The Kambojs also seek civil penalties for the defendants' alleged failure to supply the documents they requested under 29 U.S.C. § 1132(c). (Docket Entry No. 1 at ¶¶ 59-69). That statute states that “[a]ny administrator . . . who fails or refuses to comply with a request for any information which such administrator is required by this subchapter to furnish” can be held personally liable. 29 U.S.C. § 1132(c)(1)(B) (emphasis added). An “administrator” is “the person specifically so designated by the terms of the instrument under which the plan is operated,” or, “if an administrator is not so designated, the plan sponsor.” Id. § 1002(16)(A). Because the Kambojs have not alleged facts showing that the Plan is its own named administrator, they have failed to state a claim under 29 U.S.C. § 1132(c) against the Plan. See Conn. Gen. Life Ins. Co. v. Humble Surgical Hosp., L.L.C., 878 F.3d 478, 486-87 (5th Cir. 2017) (reversing a 29 U.S.C. § 1132(c) award against an entity that was not the named plan administrator, the plan sponsor, or otherwise designated as the administrator).

Both claims against the Plan are dismissed, and because amendment would be futile, the dismissal is with prejudice.
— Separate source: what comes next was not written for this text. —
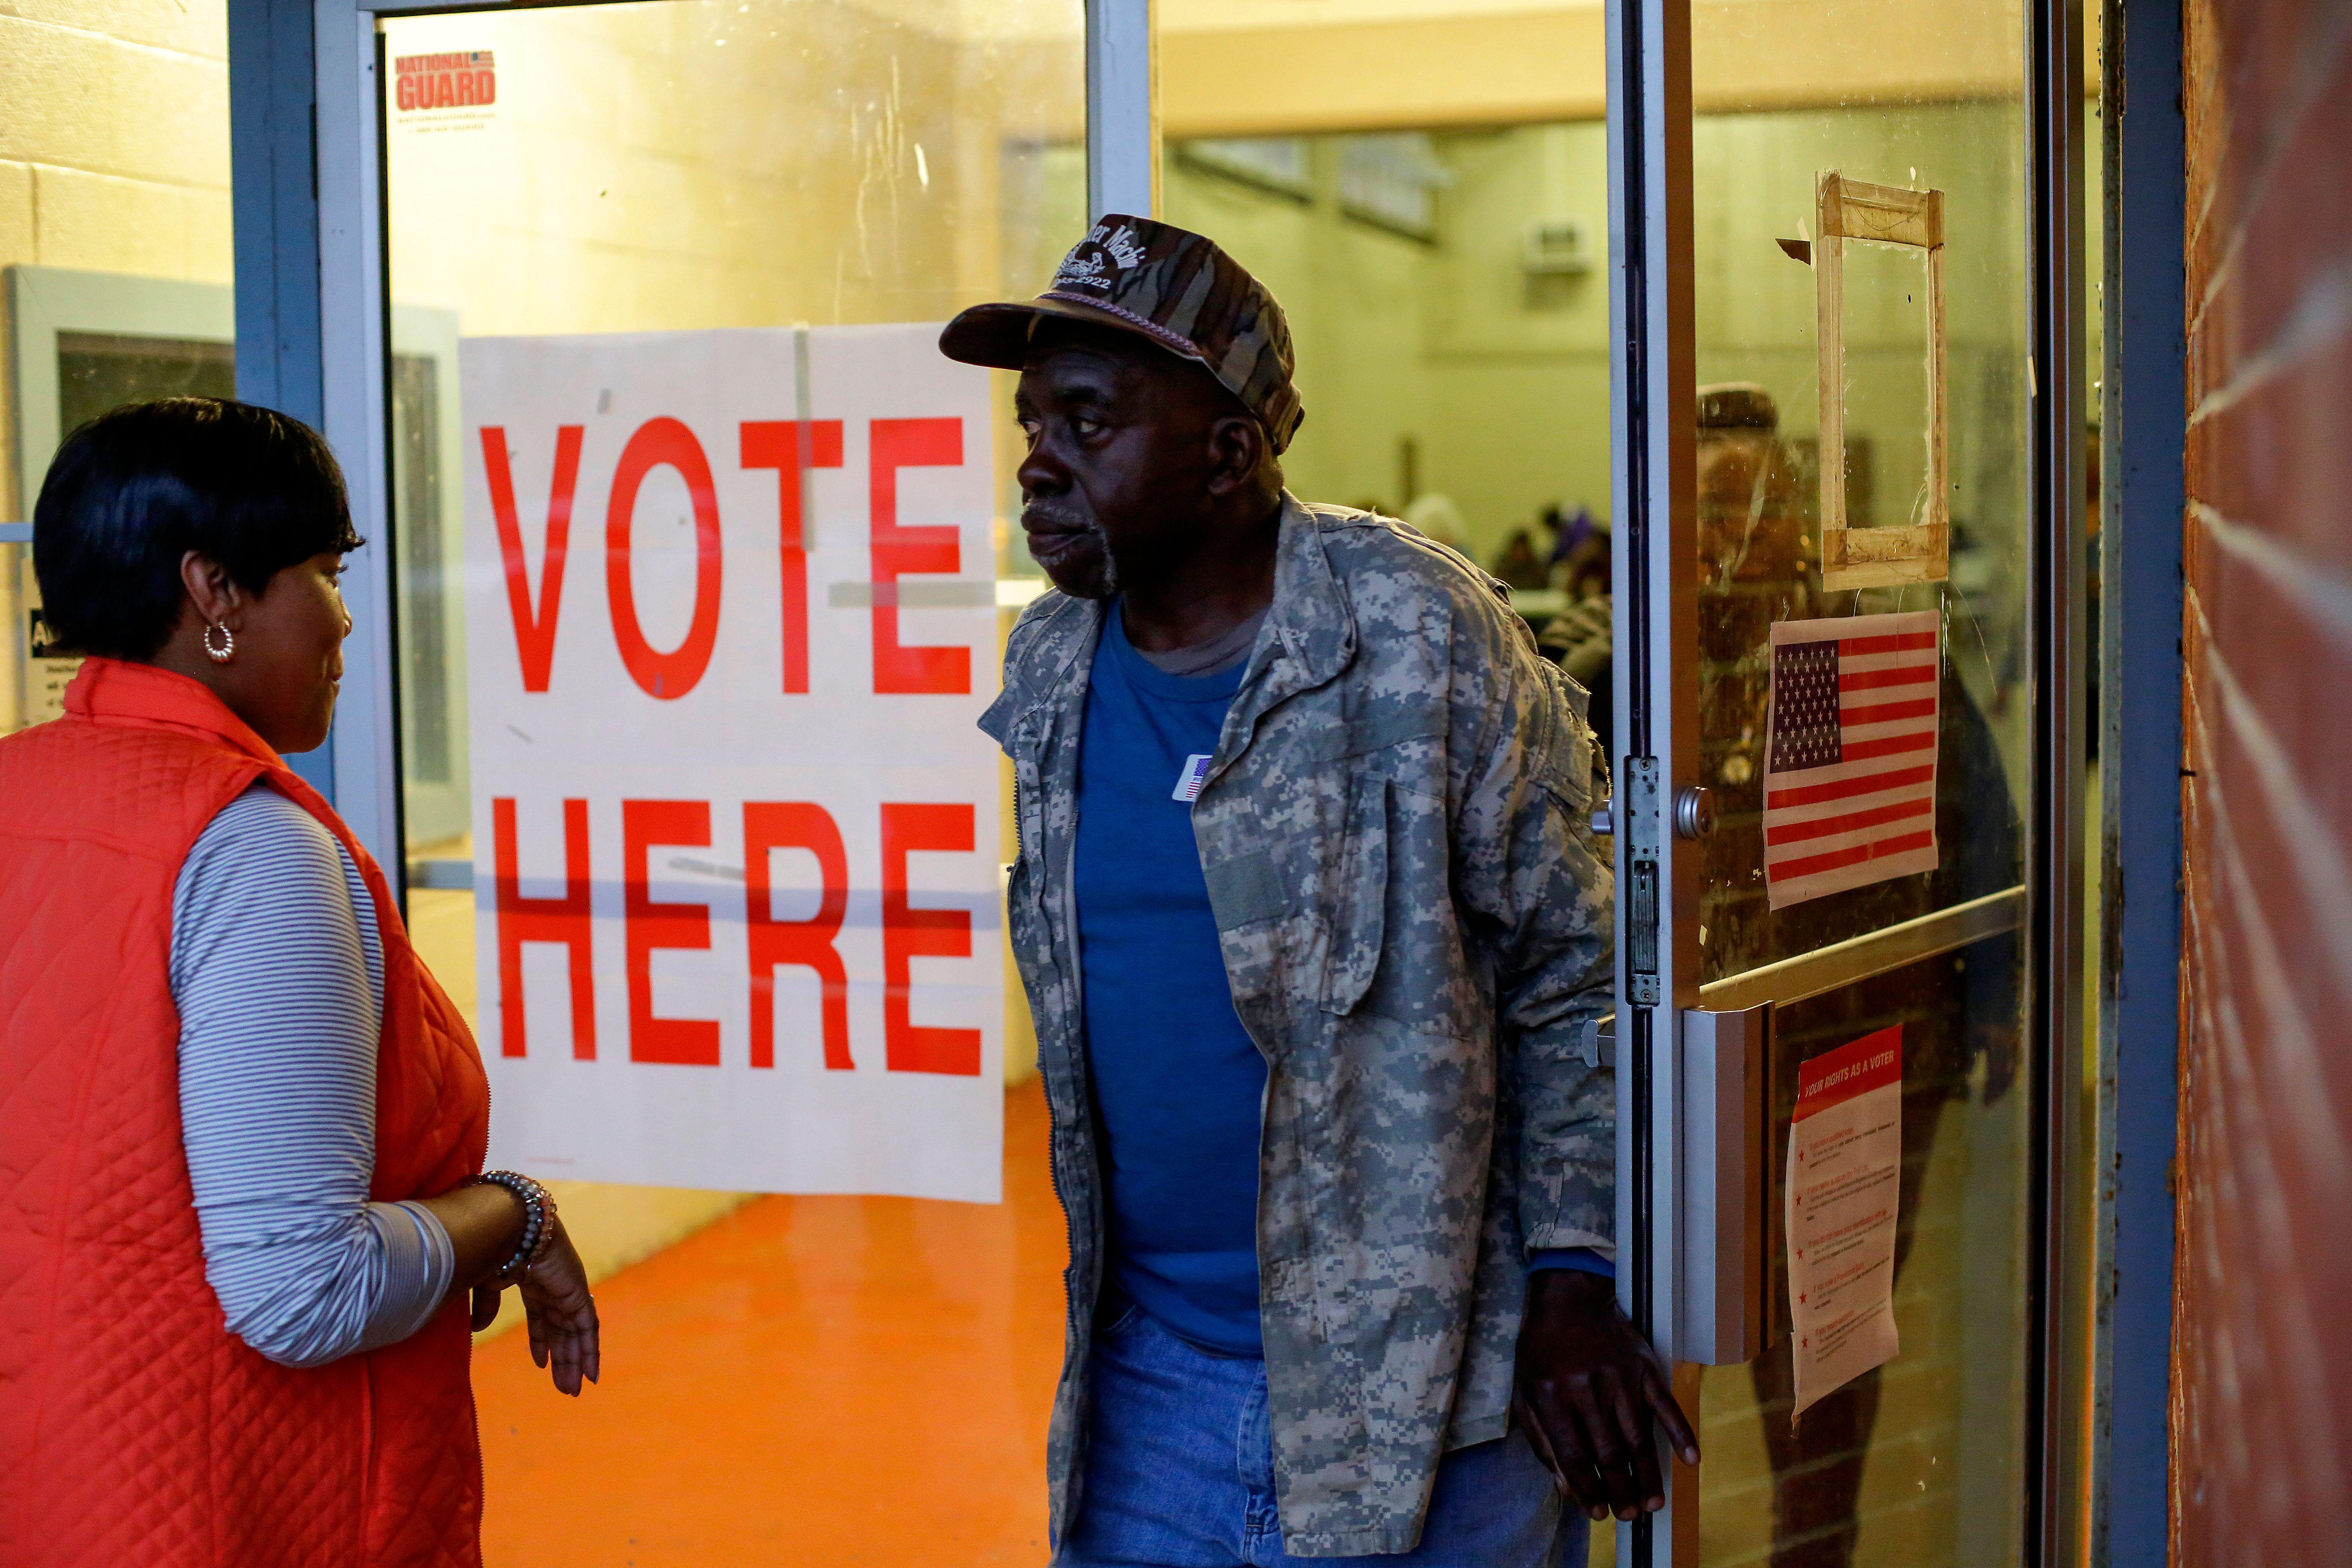 A Black man walks out of a building where it says VOTE HERE on the door.

B. The Claims against Shell

1. The Breach of Fiduciary Duty Claim

Shell argues that the Kambojs' breach of fiduciary duty claim must be dismissed because the Kambojs seek individual relief and have not alleged any damage to the Plan. (Docket Entry No. 11 at 5-6). The Kambojs seek relief in the form of a reduction of Shell's subrogation interest “by the amount of usual and customary charges paid to a Houston area surgical assistant.” (Docket Entry No. 1 at 13). The Kambojs' response to the motion to dismiss clarifies that this relief would increase their net recovery from their personal injury lawsuit. (Docket Entry No. 16 at 6).

The Kambojs also seek “[a]ll such other relief, whether at law or in equity, to which [they] may show themselves justly entitled.” (Docket Entry No. 1 at 13).
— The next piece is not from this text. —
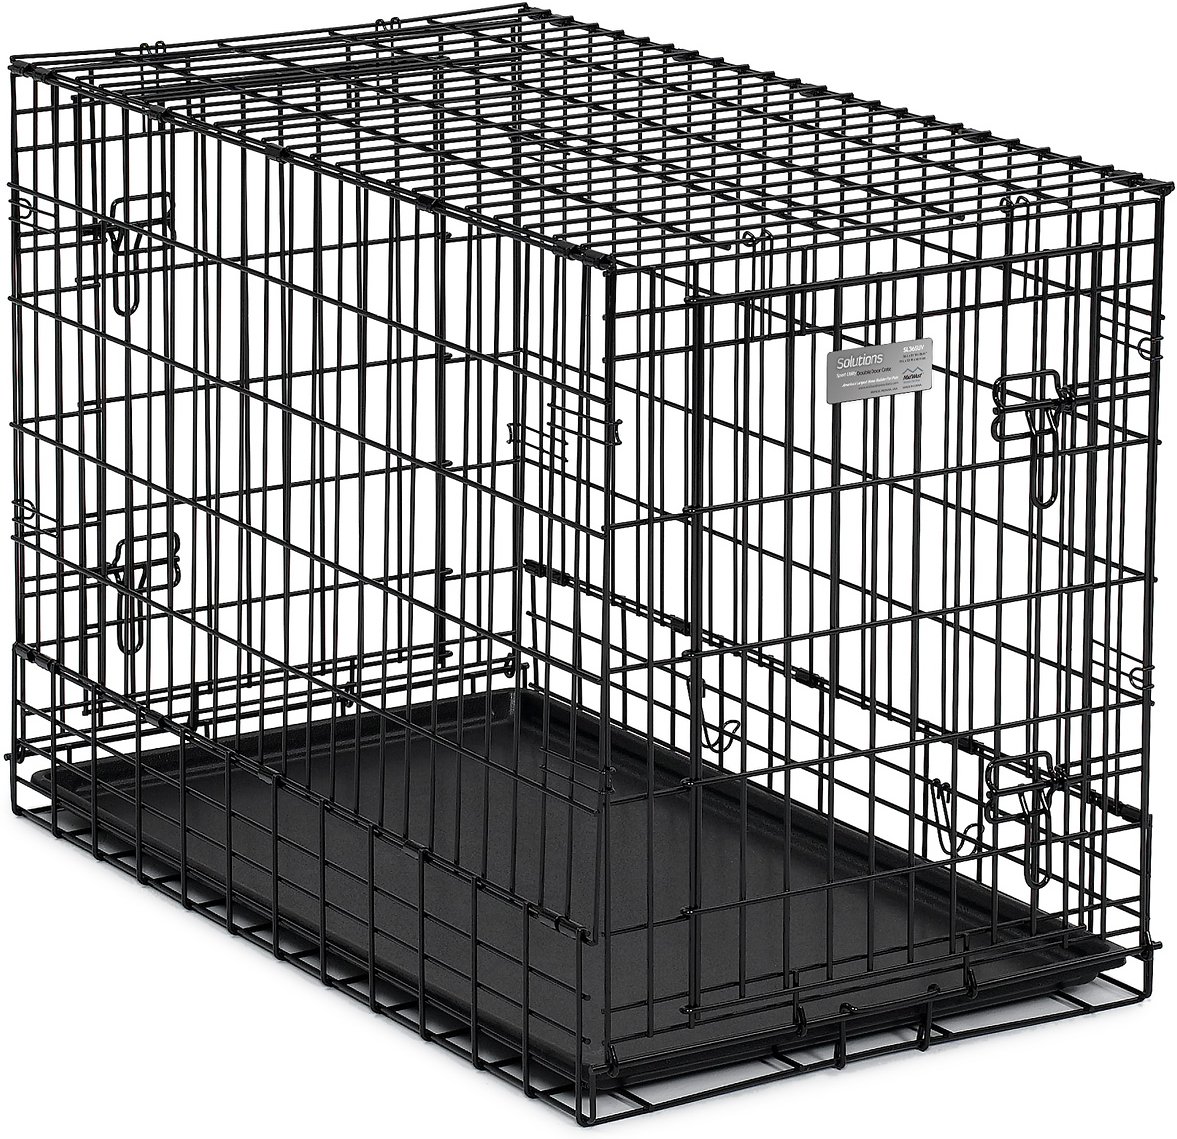 Enhancing Comfort and Safety of your Dog with Double door dog crate

“ERISA provides that an employer who sponsors an employee plan may also serve as a fiduciary of that plan.” Kirschbaum v. Reliant Energy, Inc., 526 F.3d 243, 248 (5th Cir. 2008). “The statute imposes on the employer-fiduciary . . . strict statutory duties, including loyalty, prudence, and diversification.” Id. An employer-fiduciary must “discharge his duties with respect to a plan solely in the interest of the participants and beneficiaries and . . . for the exclusive purpose of . . . providing benefits to participants and their beneficiaries . . . [and] defraying reasonable expenses of administering the plan.” 29 U.S.C. § 1104(a)(1).

Plan participants or beneficiaries can sue for breaches of fiduciary duty under multiple sections of ERISA. Compare, e.g., Massachusetts Mut. Life Ins. Co. v. Russell, 473 U.S. 134, 140 (1985) (a breach of fiduciary duty claim brought under 29 U.S.C. §§ 1109 and 1132(a)(2)) with Manuel v. Turner Indus. Grp., L.L.C., 905 F.3d 859, 863-66 (5th Cir. 2018) (a breach of fiduciary duty claim brought under 29 U.S.C. § 1132(a)(3)).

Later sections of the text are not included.